Un libro s’inserisce in una tradizione di stampa, aspetto non secondario, in quanto contribuisce a dare un colore particolare a ciascuna epoca.

E infine “un libro di carta” come mero oggetto fisico nelle sue stratificazioni di senso risveglia sempre sulla soglia della modernità o sullo sfondo dell’orizzonte culturale dell’umanità la figura di Johann Gutenberg per l’affinamento spirituale e l’avanzamento civile tra conquiste e persecuzioni. Tutto questo un libro digitalizzato non ci dà privandoci di una grossa fetta della nostra vita spirituale: innalzato a feticcio, pur rimanendo mero strumento.

Ed è un paradosso (e forse è un bene) che il “libro di carta” di cui abbiamo considerate “secondarie” le qualità fisico-evocative (un aspetto rilevante della vita dello spirito) rispetto al suo valore principale di strumento, debba essere apprezzato nella sua preziosità nell’epoca dell’evanescenza.

Una biblioteca contiene le impronte, le tracce, “i monumenti” della nostra vita spirituale e affettiva.

 

Antonio Lagrasta (Corato, 01/10/1940) è vissuto al nord e si è trasferito nel 1992 a Monterotondo. Laureato in filosofia, ha insegnato nelle scuole statali.
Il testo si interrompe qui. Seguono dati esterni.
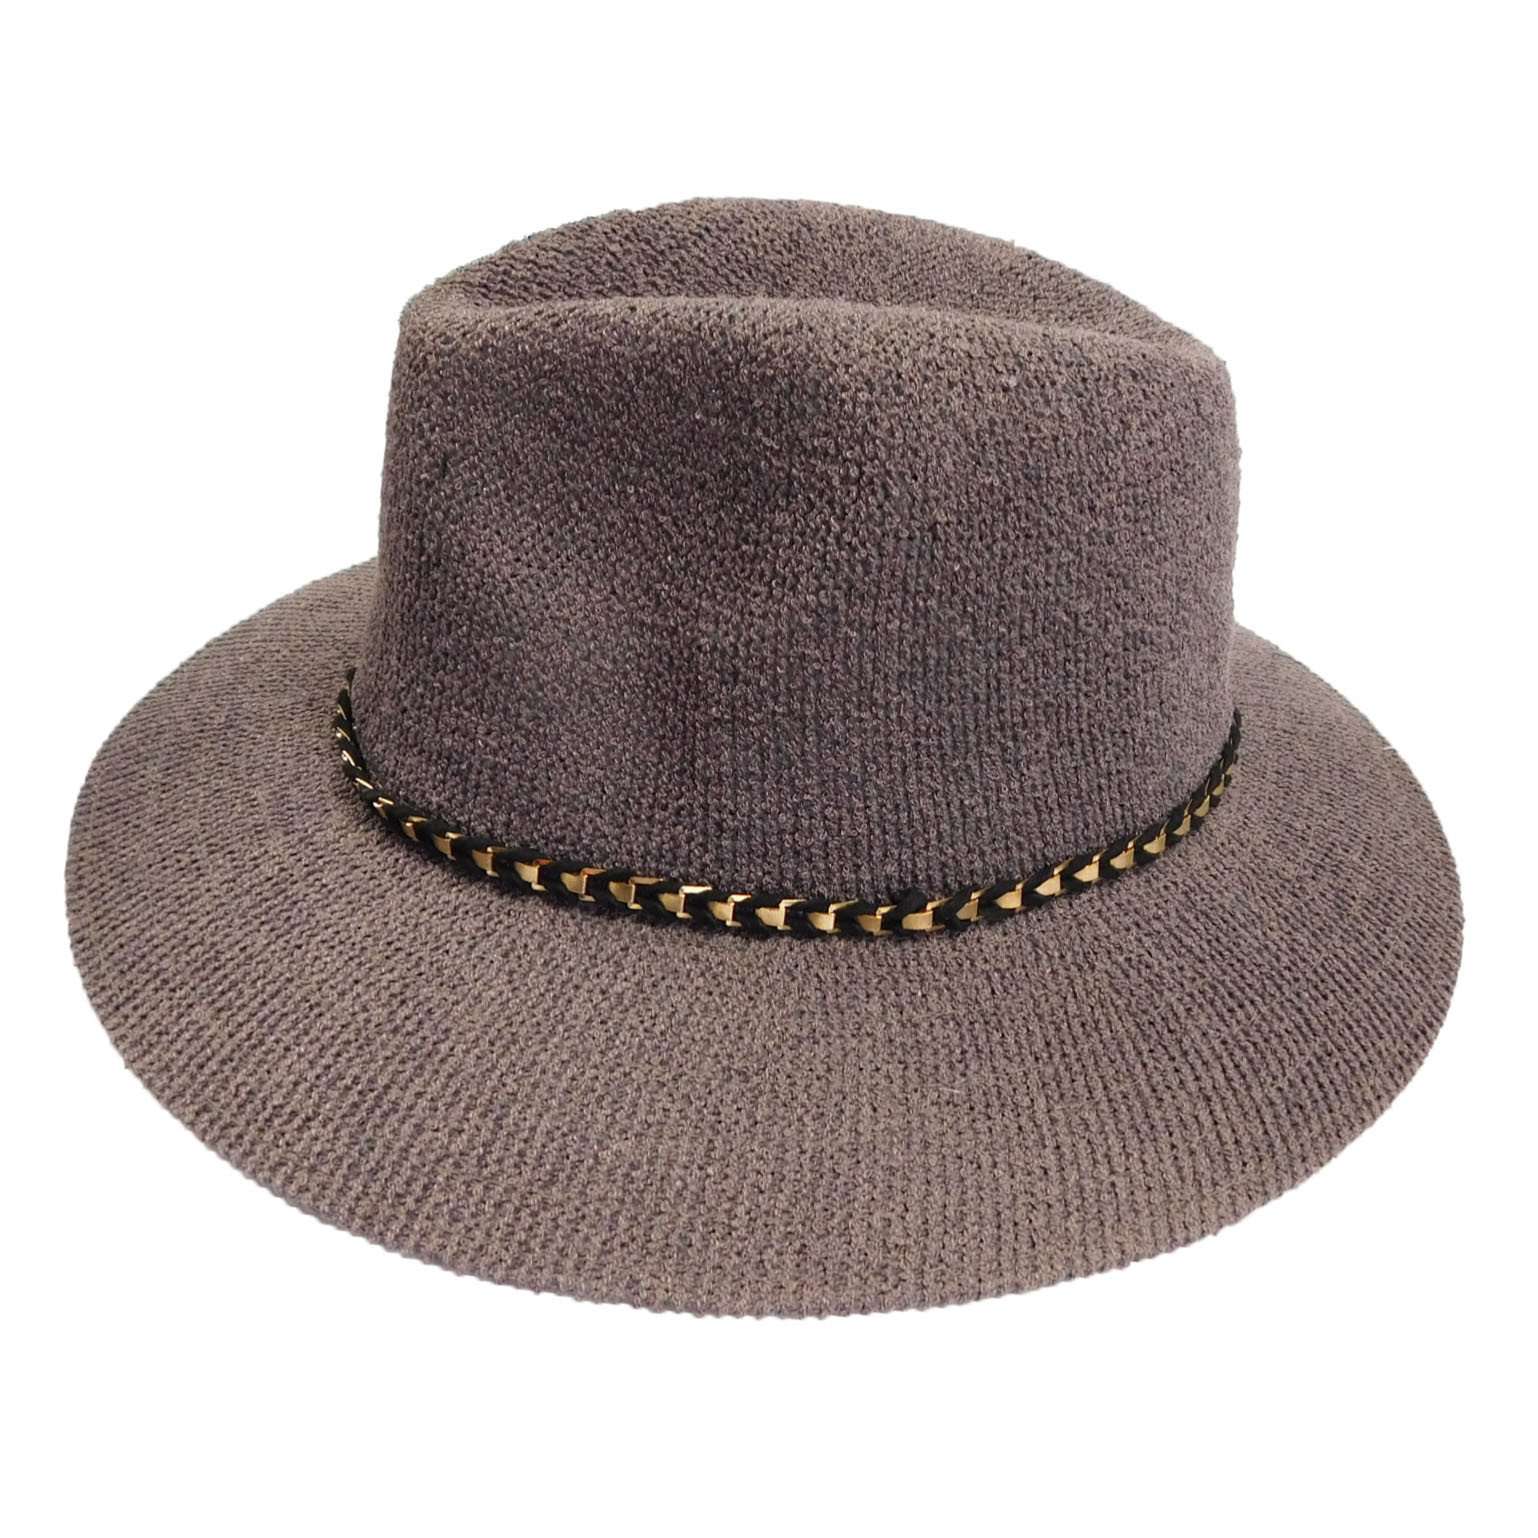 Knitted Panama Hat with Gold Band - Grey, Safari Hat - SetarTrading Hats 
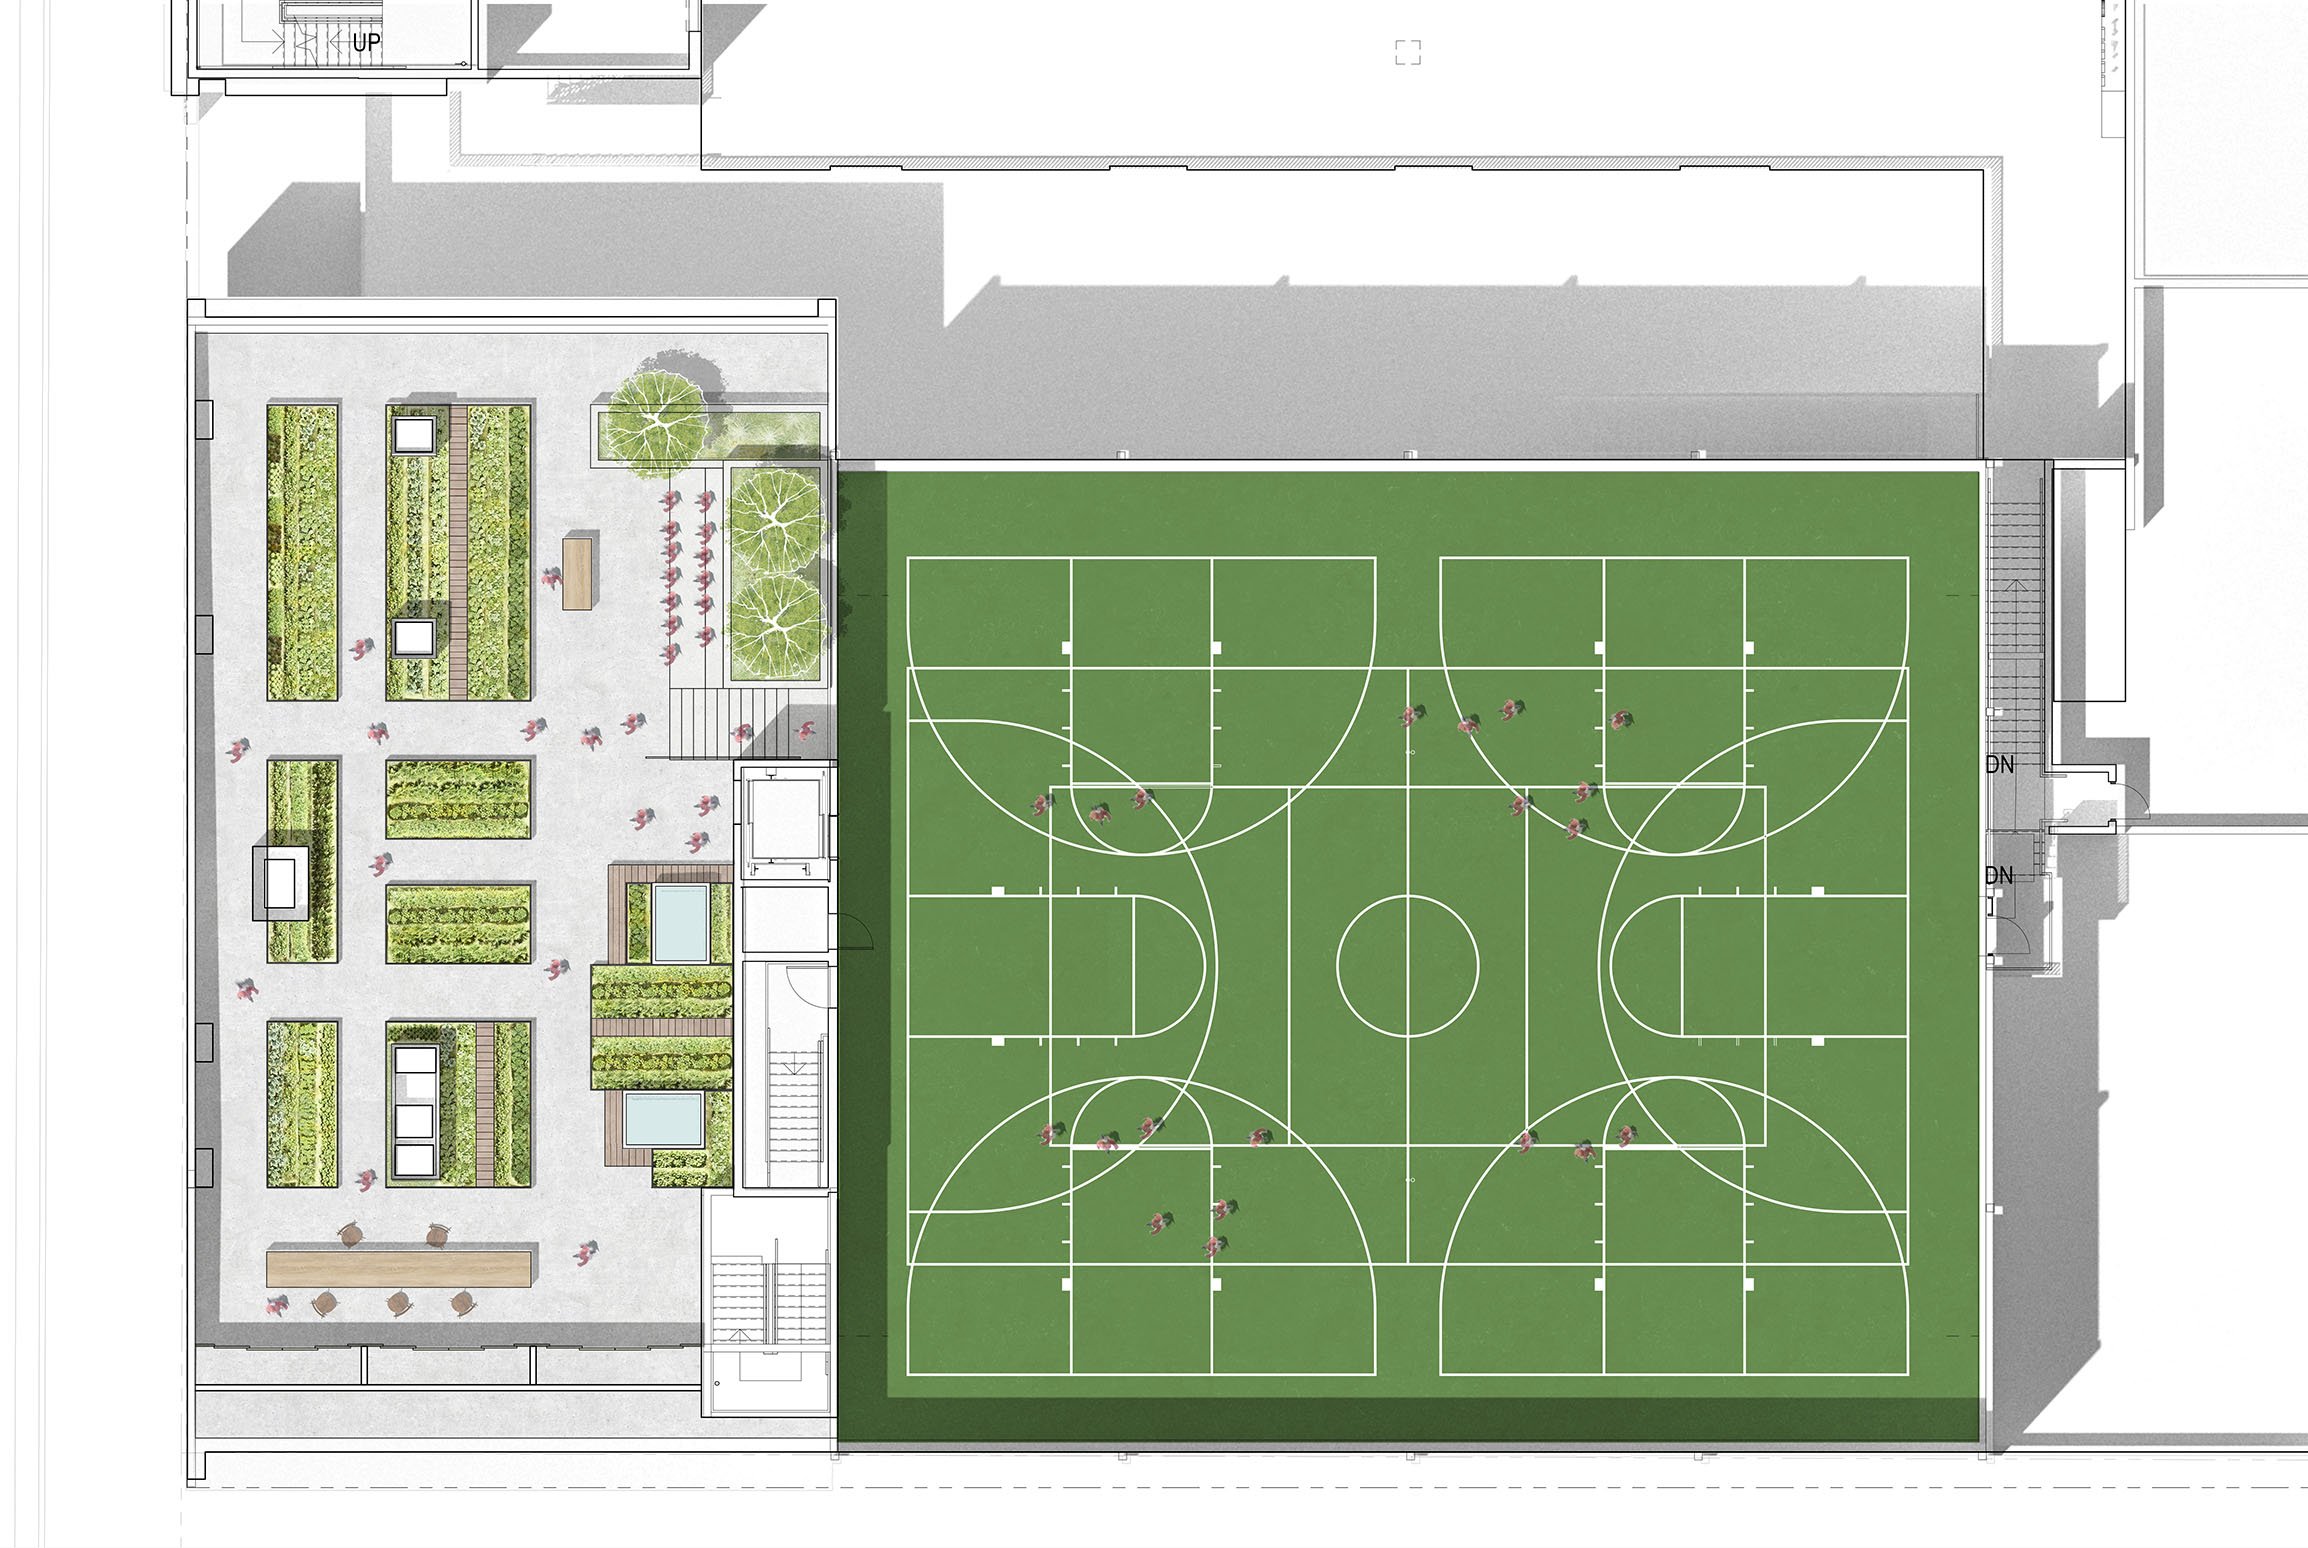 SEED LA-edible garden sports court plan-Tina Chee Landscape Studio.jpg

Si occupa di narratologia e di critica letteraria e cinematografica. Per alcuni anni ha condotto corsi di scrittura creativa presso l'Università Popolare Eretina con la speranza di diffondere un maggior rispetto della lingua. Continua a collaborare con l'università affrontando temi come "Il mito e le sue riattualizzazioni", "Fare filosofia attraverso i film", "Un'idea dei Balcani".